Bringing joy for a quarter of a century: The Washington State History Museum hosts the 25th annual Model Train Festival

TACOMA, Wash – For 25 years, the Washington State History Museum has brought families, friends, and train enthusiasts together with...

TACOMA, Wash – For 25 years, the Washington State History Museum has brought families, friends, and train enthusiasts together with its annual Model Train Festival. Train clubs from the region bring their expansive layouts into the museum and set up on every floor of the building, and the cheerful sights and sounds of tiny trains fill the air, mingling with the excited exclamations of visitors. The 25th anniversary Model Train Festival opens on December 17, 2021, and operates through January 2, 2022, 10 AM-5 PM. Note the museum will be closed on December 24 and 25, and will be open on January 1.

“It’s hard to believe we’ve been doing this for a quarter of a century. That’s a testament to the joy that the Model Train Festival generates. We have folks who came as children and are now bringing their own kids, and those who came as parents and are now back as grandparents, seeing the trains anew through the eyes of the youngest generation,” said Jennifer Kilmer, Washington State Historical Society’s director. “The only year we missed was 2020 due to the COVID pandemic. We are incredibly grateful to bring this event back to the community this year to share some light and happiness,” she added.

One change for 2021 is timed ticketing. Building capacity is limited to support physical distancing recommendations. WSHS members get free admission, and a members-only night will be held on December 18. General admission visitors can enjoy the event at regular museum rates. The History Museum recommends purchasing tickets in advance, online at www.modeltrainfestival.org/. Remaining tickets will be available daily on-site, as capacity allows.
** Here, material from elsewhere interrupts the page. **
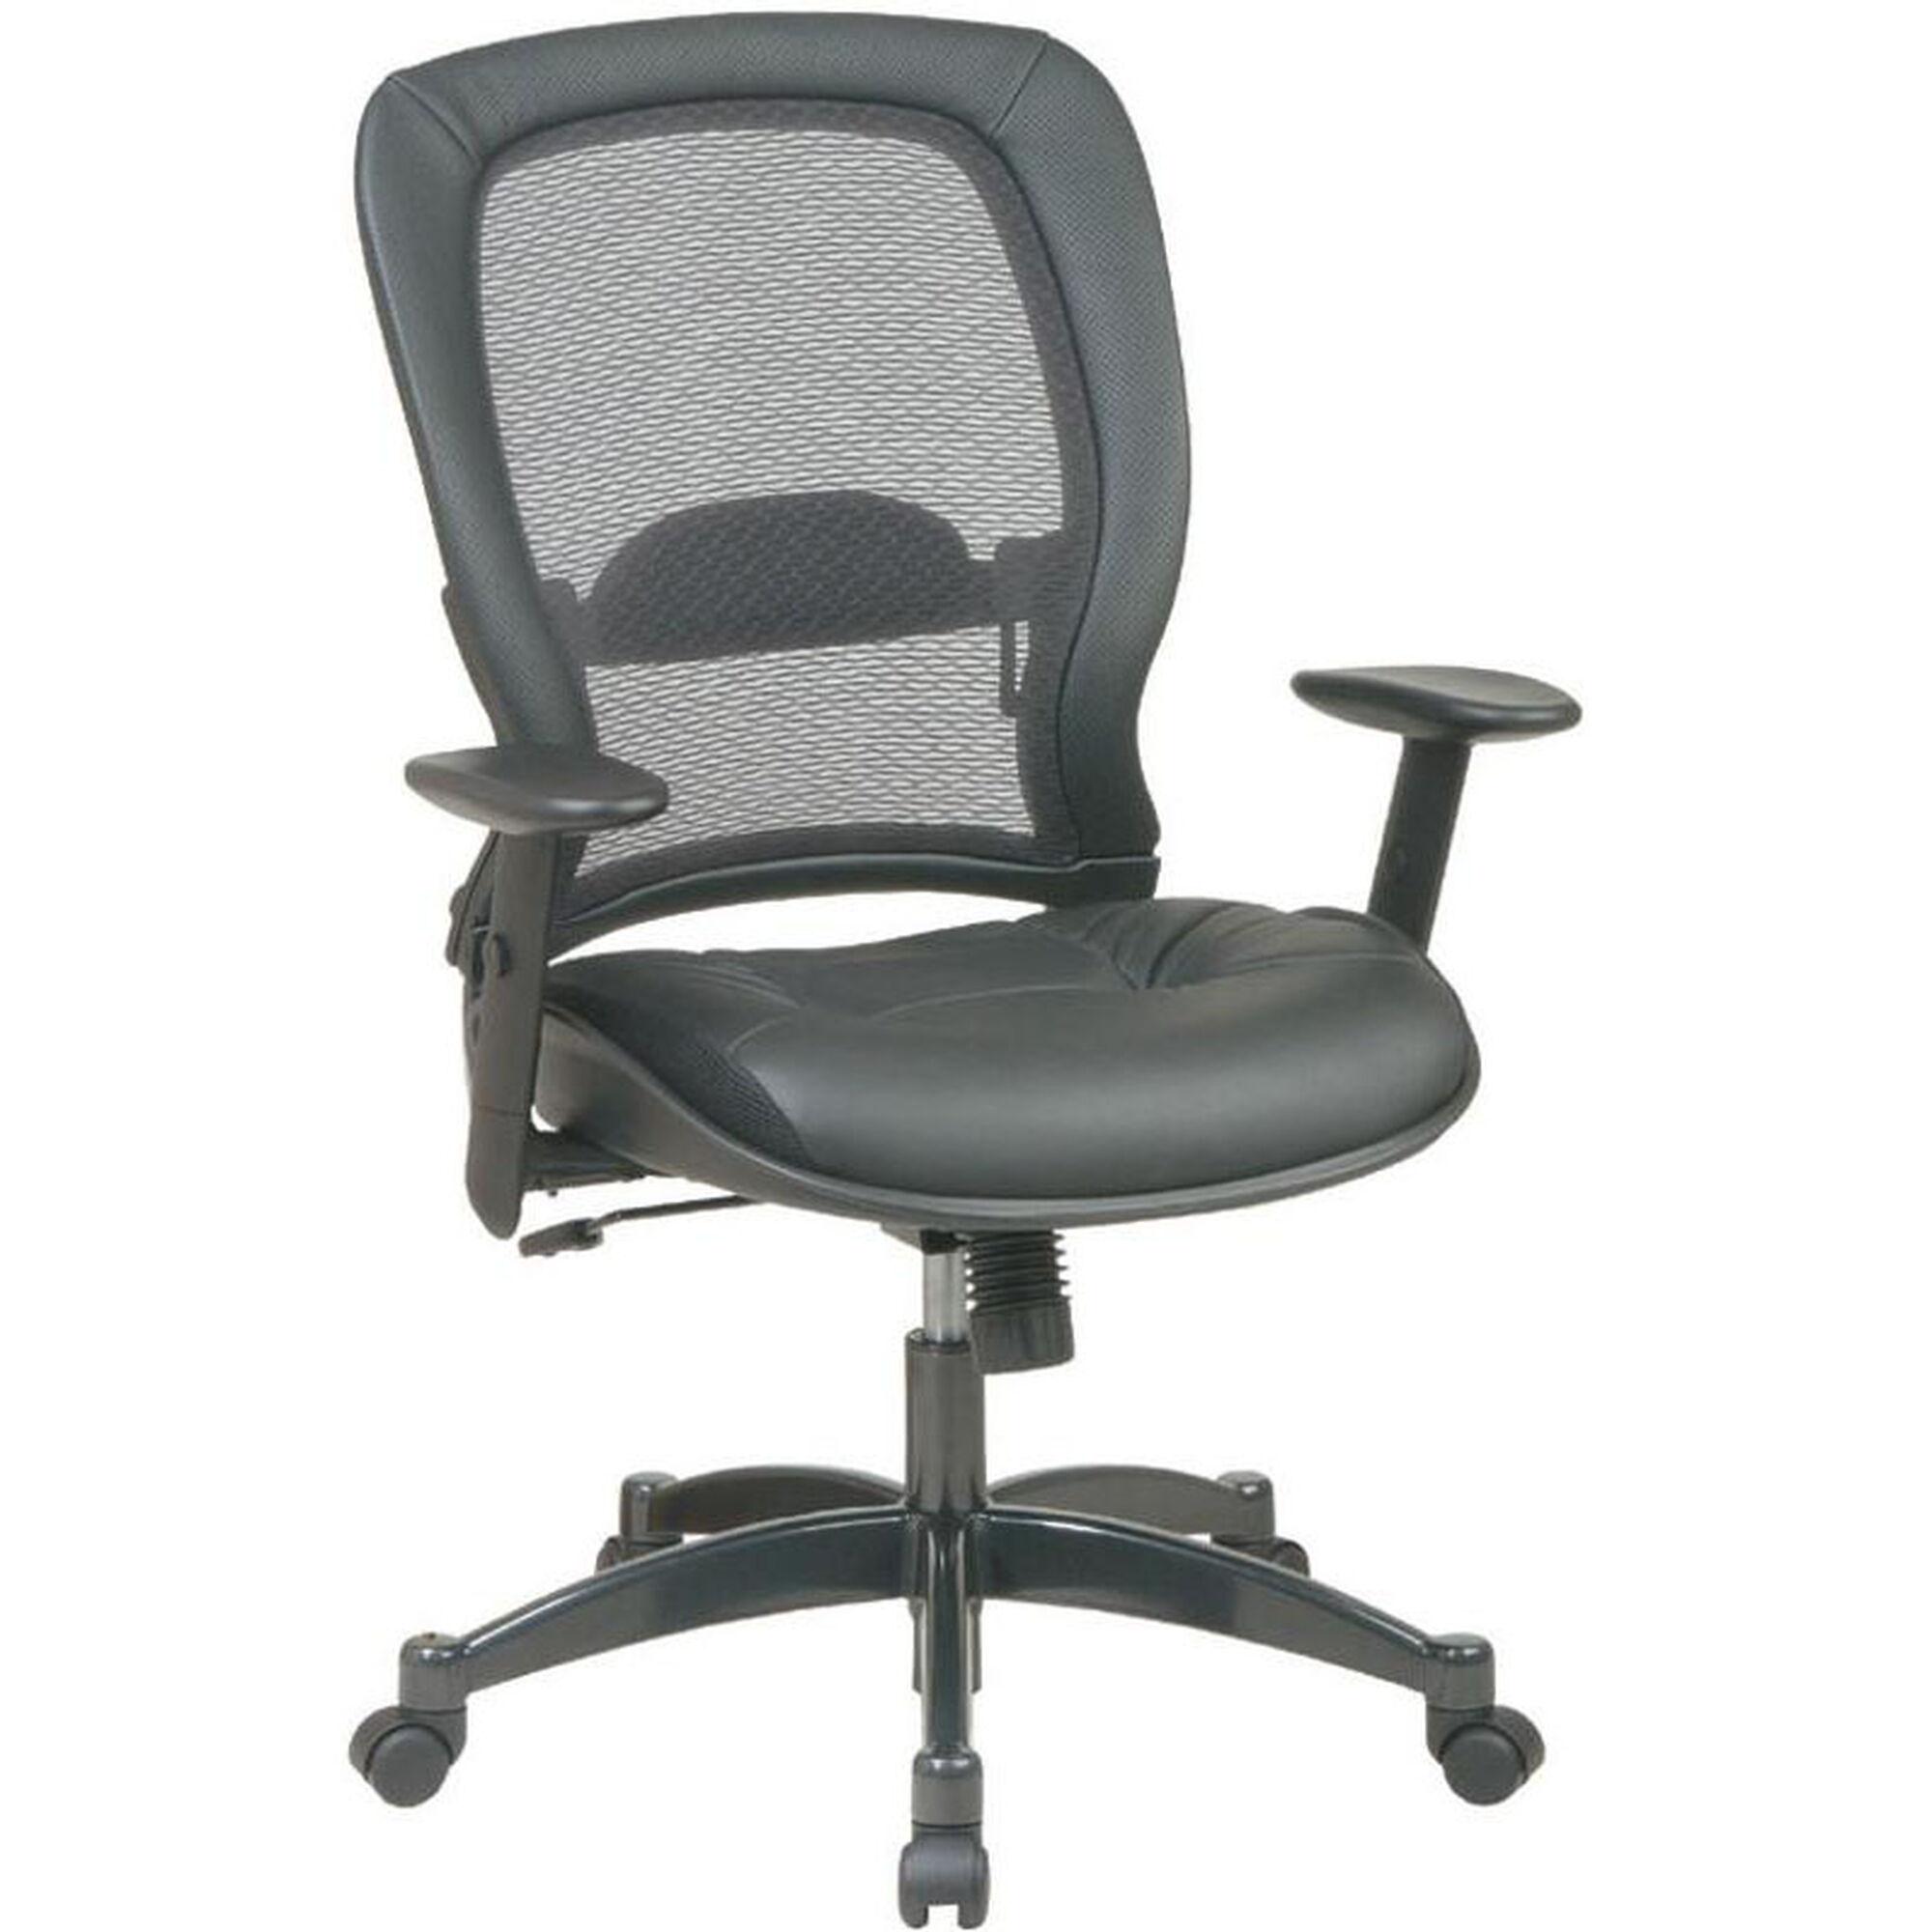 High Point Furniture Industries 751 Hpf

Seven train clubs will share their expansive, highly detailed model railroads with guests. The museum’s mascot, Seymour History, will make special appearances (see the museum’s website for Seymour’s schedule). New this year, guests can pick up collectable train club trading cards at each layout (and don’t forget the traditional train festival button!). The popular train-themed green screen photo opportunity, as well as a separate snowy train depot setting, will offer multiple backgrounds for capturing holiday memories with smartphones. The museum’s Great Hall of Washington History includes history about the railroads, and guests can also explore two brand new galleries that opened in 2021, along with the rest of the exhibitions in the museum.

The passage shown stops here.